● YOUR INSTRUCTIONS: The reply should hold only the lines from the one with "BROOKLYN NAVY YARD CENTER AT BLDG92 website" to the one with "ホラー系EDMダブステップジングル07の未再生の波形", both ends kept, exactly as they appear below, without any pictures.

SOURCE INFORMATION section start

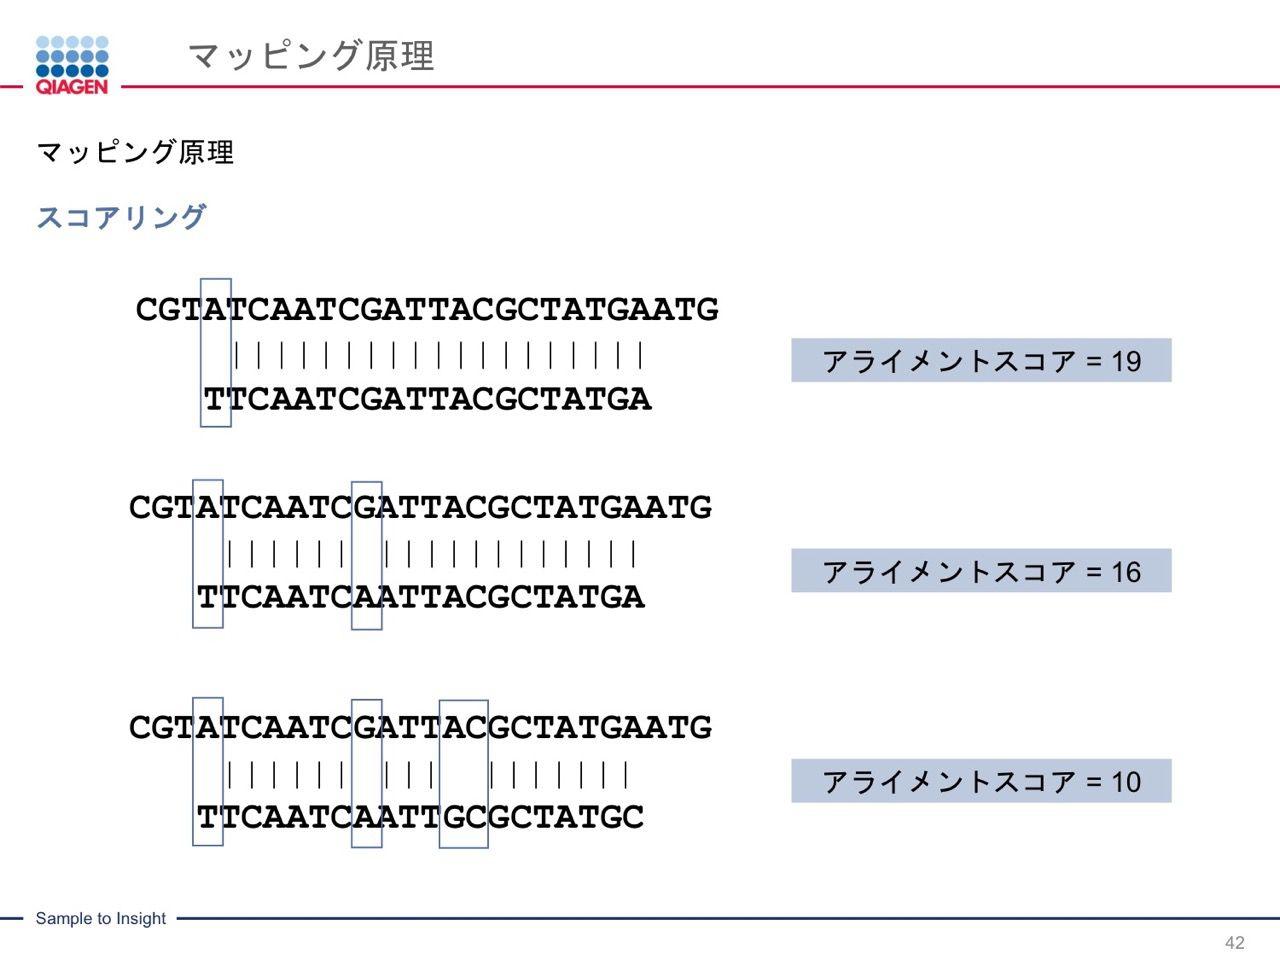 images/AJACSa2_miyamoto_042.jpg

SOURCE INFORMATION section end
SOURCE INFORMATION section start

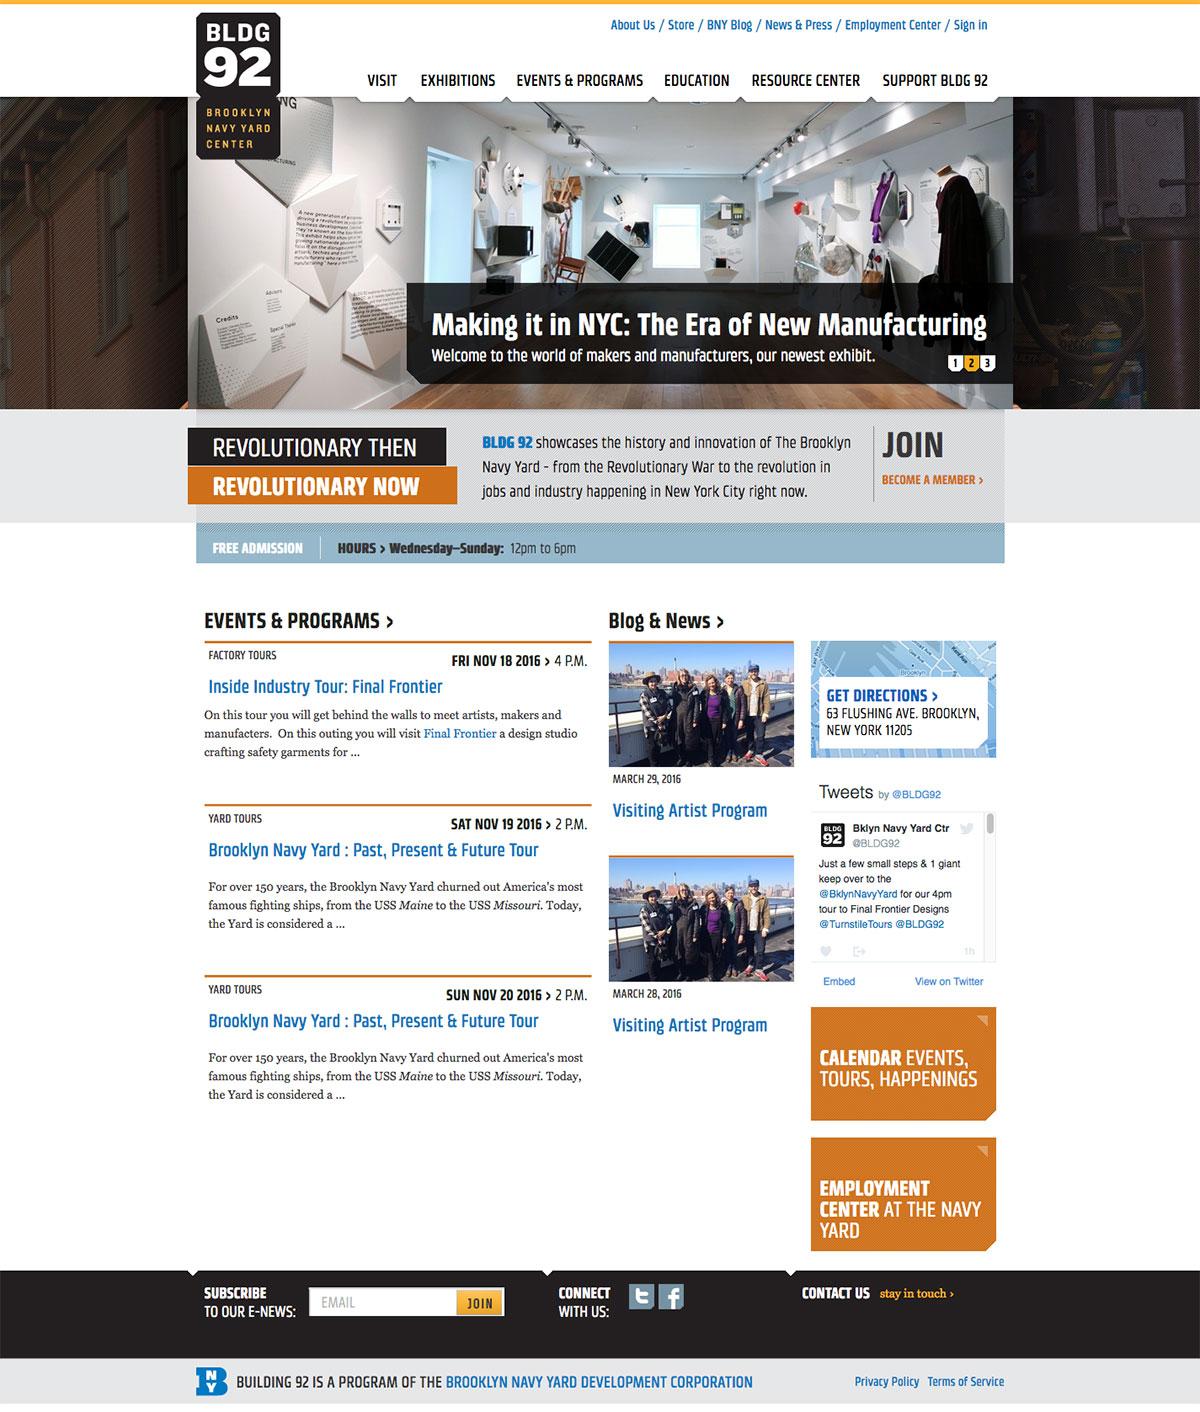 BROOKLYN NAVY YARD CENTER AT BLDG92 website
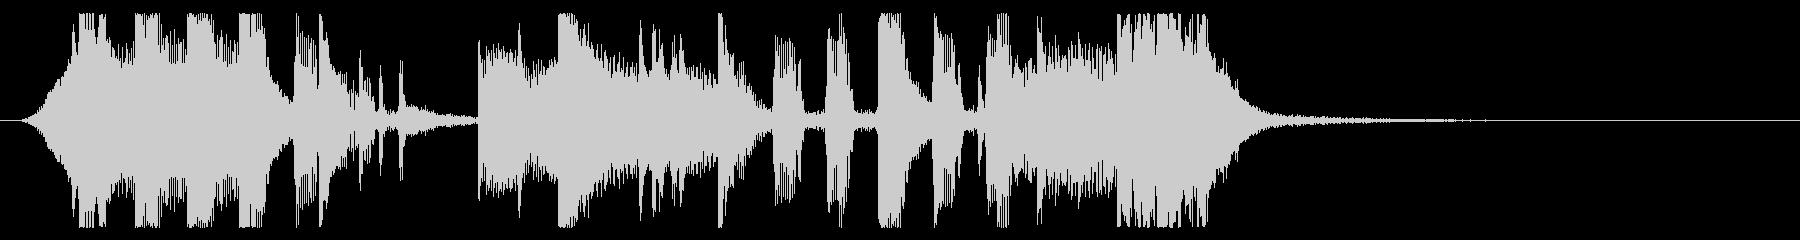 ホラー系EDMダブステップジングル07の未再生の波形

SOURCE INFORMATION section end

● WRITTEN RESPONSE:
 BROOKLYN NAVY YARD CENTER AT BLDG92 website
 ホラー系EDMダブステップジングル07の未再生の波形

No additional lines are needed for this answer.